Bond, feeling no satisfaction from target practice, says, "Didn't you ask M?" 

"She said you were in life insurance."  Bond laughs before he can help it.  "Even cagier than you, she is.  Carries herself well, though," he adds too innocently.

Bond wishes he had a third teacup.  "You haven't changed a bit."

"Olive died six years ago.  Am I meant to be a monk?"

"Oh.  Did she?  I'm sorry to hear that."

"She thought a lot of you."

"No, she didn't.  I broke her mother's soup tureen."

"I didn't say they were nice thoughts."  Kincade's breath puffs clouds into the air.  "I always hated that bloody thing."

"And I never told her that you put me up to it."  Bond tilts his head to the side.  "Some secrets ought to be kept, Kincade.  For everyone's sake."

Kincade regards him, then nods slowly.  "All right."

Bond runs a hand through his hair and sighs.  "I'm going down to the quarry."

"See if you could find what I didn't.  I could have sworn there were a couple of sticks left.  Take my car."

Ten minutes later, sorting through rubbish and rubble, Bond curses himself for a fool.  There's no dynamite here.  There's nothing here.  He's wasting time.
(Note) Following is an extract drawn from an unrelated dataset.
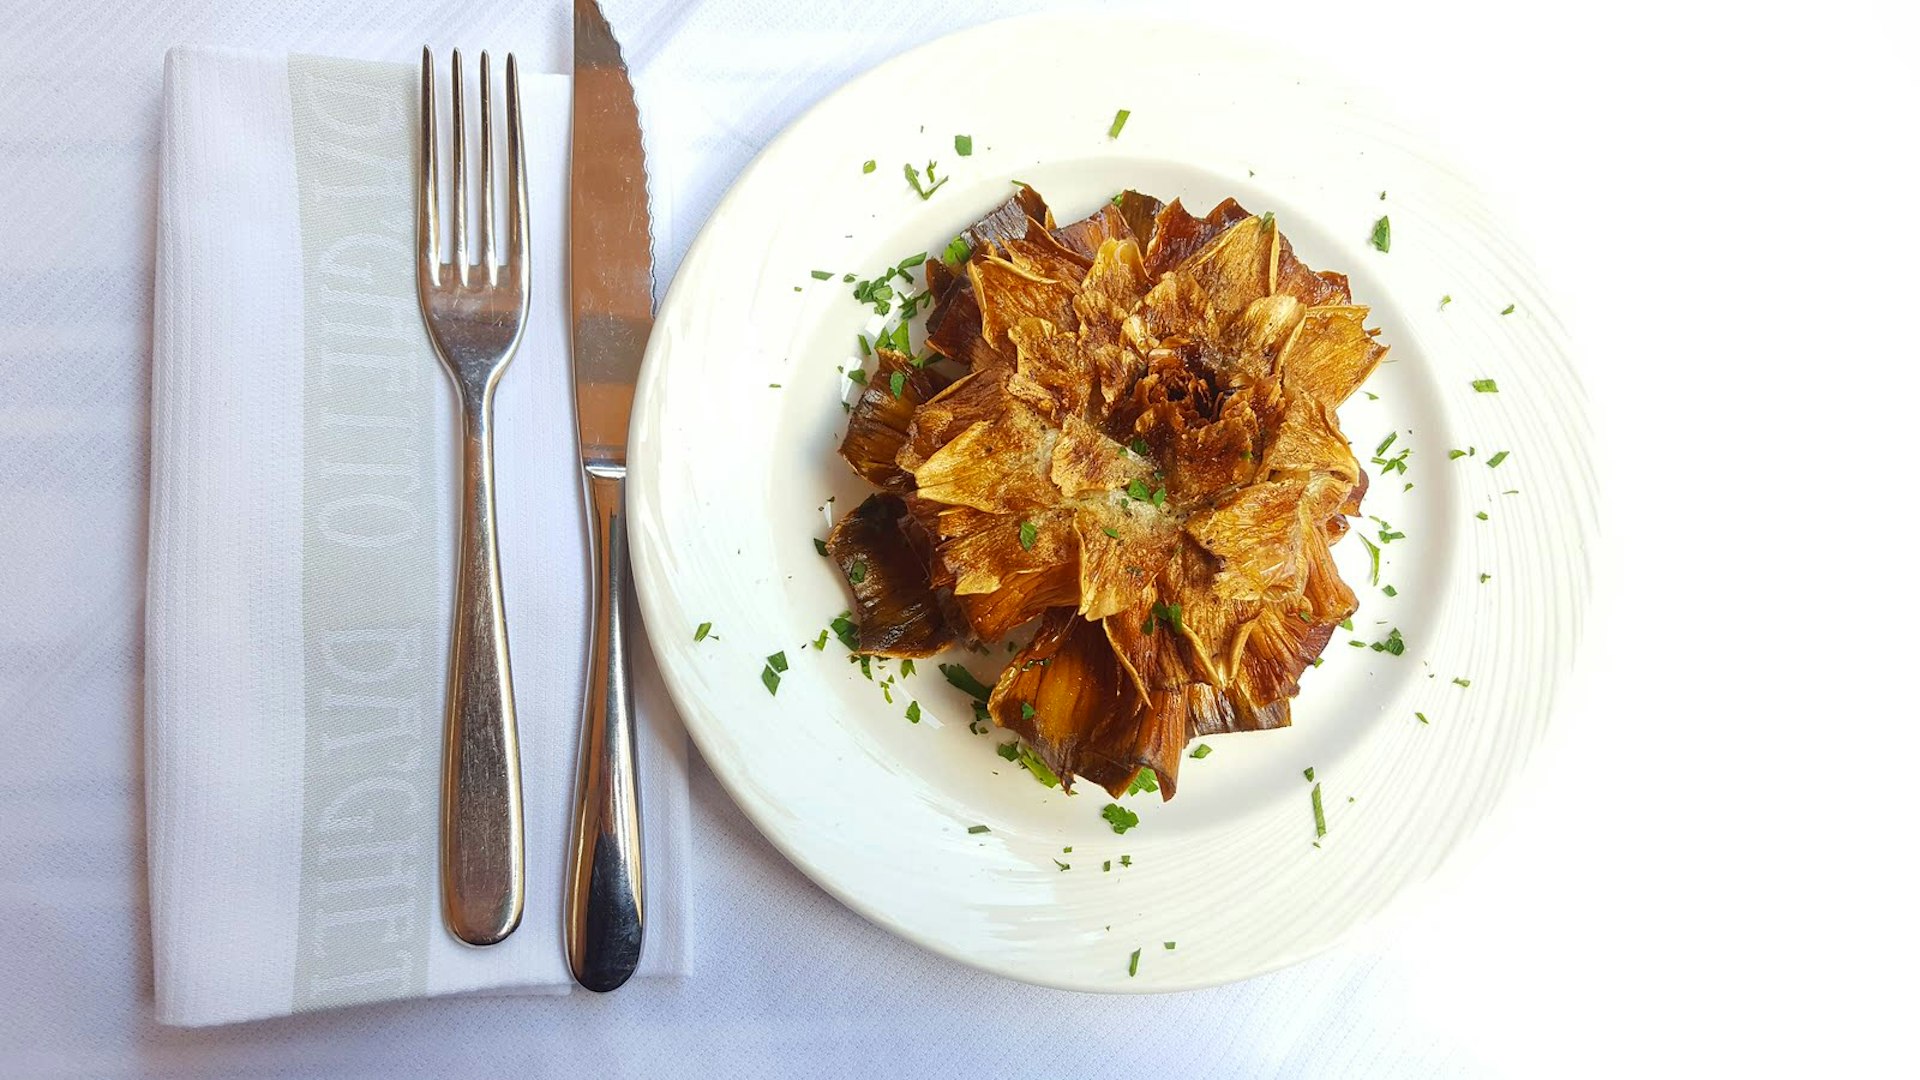 Ba'Ghetto's deep-fried artichoke is a work of art

He returns to the house and finds Kincade sawing the barrel off his shotgun.  "Where's M?"

Kincade nods towards the dining room.  "She was just coming out of the tunnel when I got back."

M's seated at the dining room table.  Before announcing his presence, Bond watches in fascination as she neatly smashes light bulbs wrapped in cloth.  After breaking a bulb, she pushes its mount into a shotgun cartridge, leaving the foot contact exposed at the end; then each cartridge goes into a small plastic bag filled with screws and nails, with the foot contact facing out, ready to be fitted back into the chandelier.

"Do you have constructive criticism to offer, 007?" she asks without looking up.

"No, ma'am.  Kincade said you were looking at the tunnel."

"Yes."

"And?"

"I discovered that it is most definitely a tunnel." She ties off another bag and glances at him.  "Are we running out of cartridges?  I had a thought to rig some floorboards, too."

"We'll need to use them judiciously, but no, we're not exactly short."  He hefts the rifle and glances restlessly out of the windows.  Then he remembers they need to cover up the windows.  "What are you thinking about the floorboards?"

"Pick the doorways they're most likely to access," M says promptly.  "Take up a floorboard, lay a charge in the centre slat, and then stick two or three cartridges on top of it, primers down.  That way, when they step on it, the primer hits the charge and the pressure ignites the—"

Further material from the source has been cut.